After the speeches, demonstrators began to march from Freedom Plaza down Pennsylvania Avenue toward the Washington Monument, before ending the rally at the Ellipse, where Harris gave a campaign speech earlier that week. Overlooking the White House, organizers and demonstrators chanted and posed for photos. The rally at the Ellipse also featured a performance from Bátala Washington D.C., an all-female Afro-Brazilian percussion band.
Jess Herzog and her friends drove from Spartanburg, South Carolina to attend the demonstration.
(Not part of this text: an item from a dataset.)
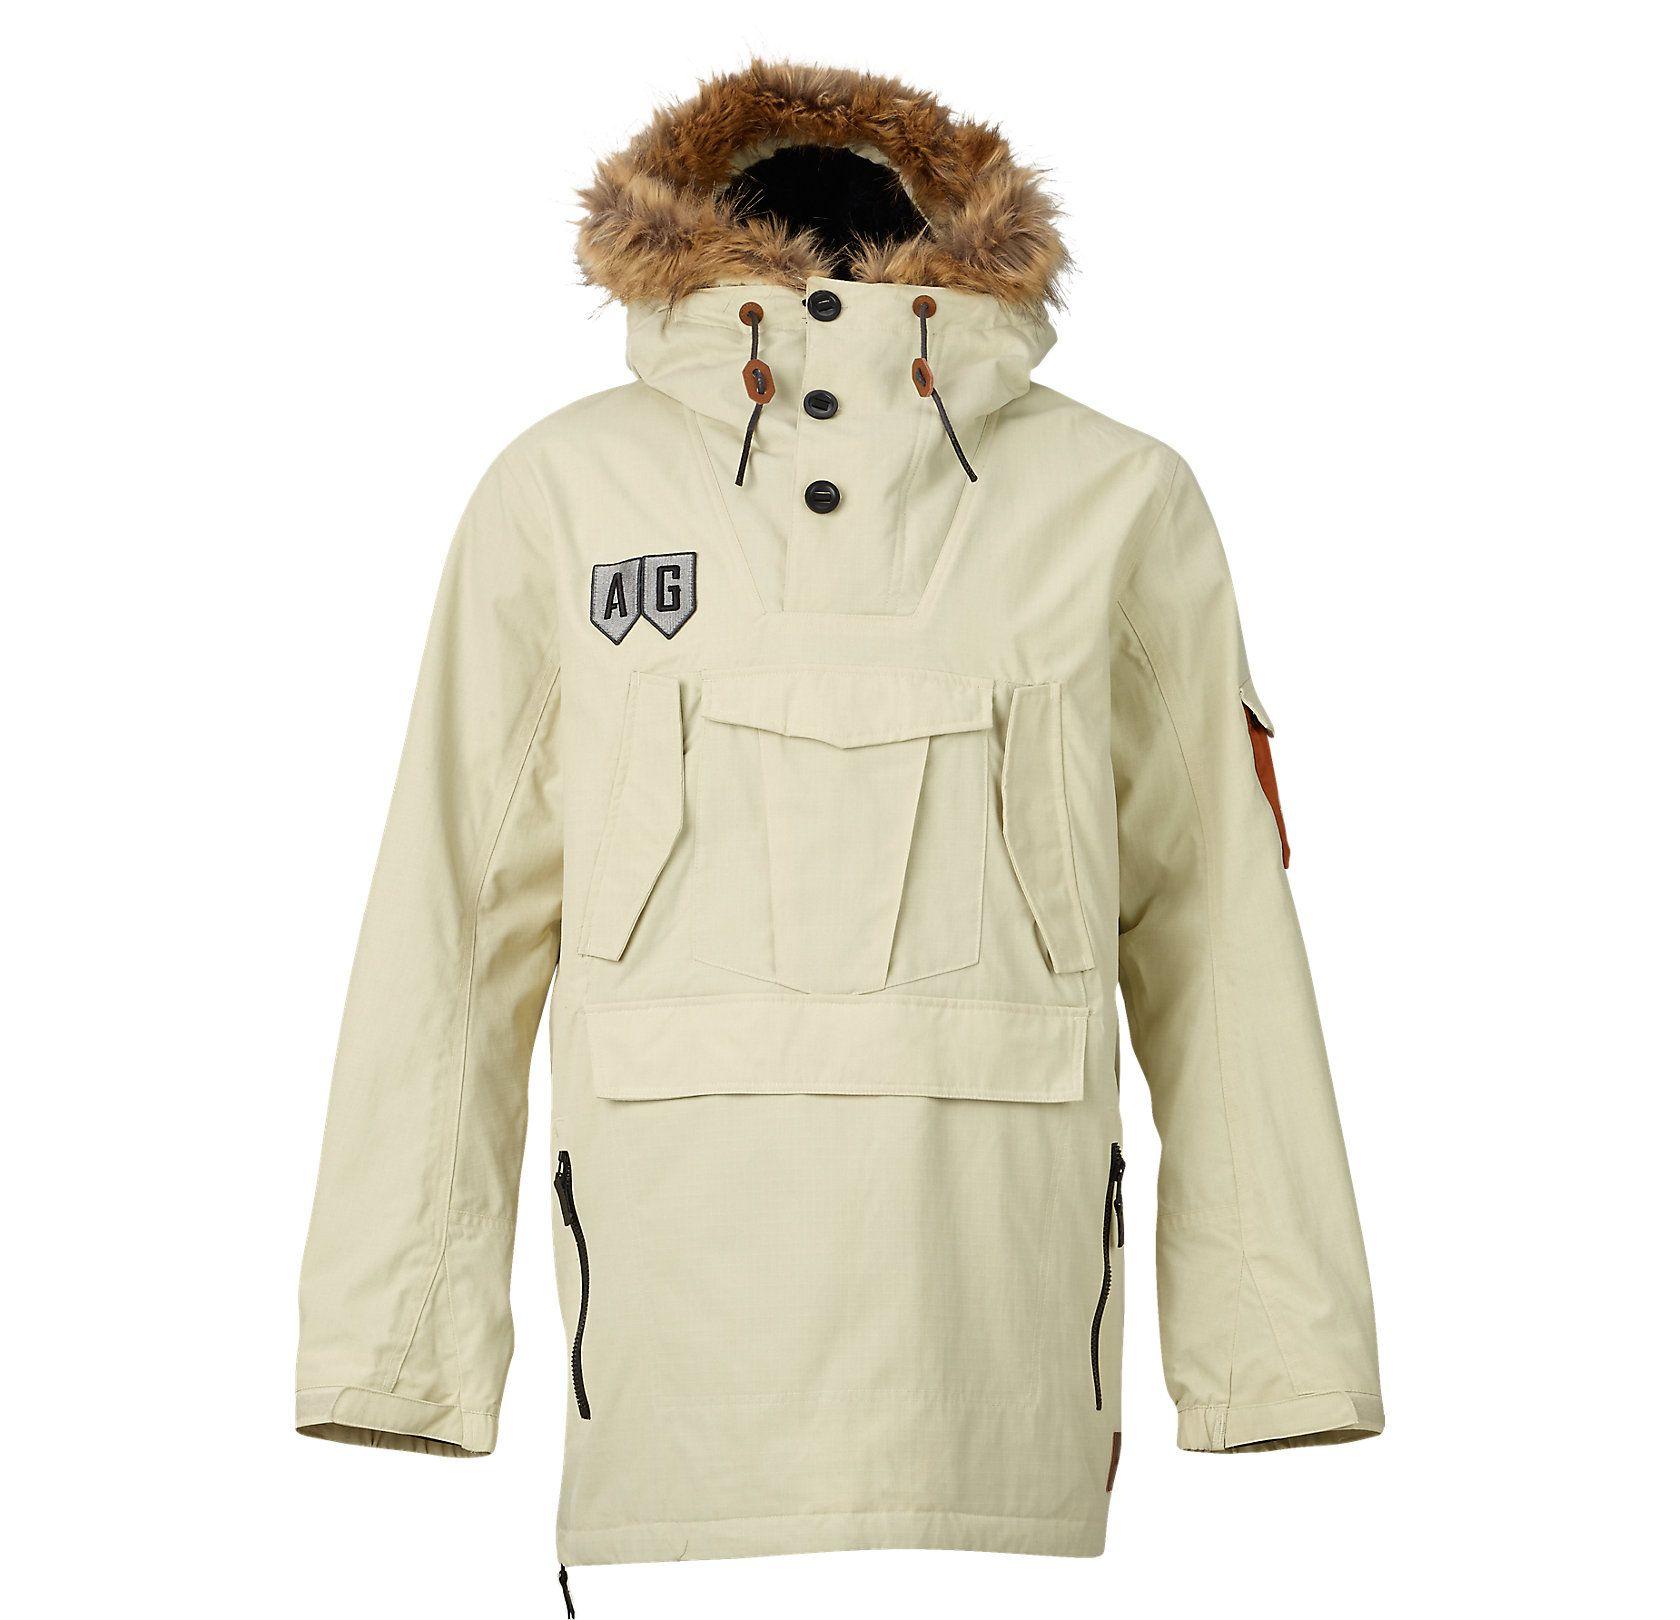 Mens snowboard jacket with fur hood

For Herzog, it wasn’t just her first time at the Women’s March—it was also her first protest.
“It just feels like there’s too much at stake not to make an effort,” Herzog told the Voice. “Being where we’re from, you don’t always get to be around like-minded people, and this feels like a really safe space to express my opinions and perspectives and know that I’m not going to get trampled for them.”
While the march was her first protest, Herzog also emphasized that protests aren’t the only way to create change, and she encouraged people to get involved on the local level.
“There are so many different ways to get involved,” Herzog said. “You can get involved with your local politicians, that’s so important, particularly in the South, but everywhere, really. Putting stamps on mailers, and handling stuff on social media—it doesn’t have to be loud and proud, but there are ways to still get involved that feel small but make a big impact.”
Many speakers said that seeing such a crowd turn out for the march made them feel optimistic and inspired.
“Sometimes when I think about being in a country where a despotic, rapist, narcissist has a chance at the presidency—not once, but twice—fear and despair try to creep in. But then I get to see all of you, and I remember what hope feels like,” Tamika Middleton, Managing Director of the Women’s March, said. “It is because of you that I know that a feminist future is possible.”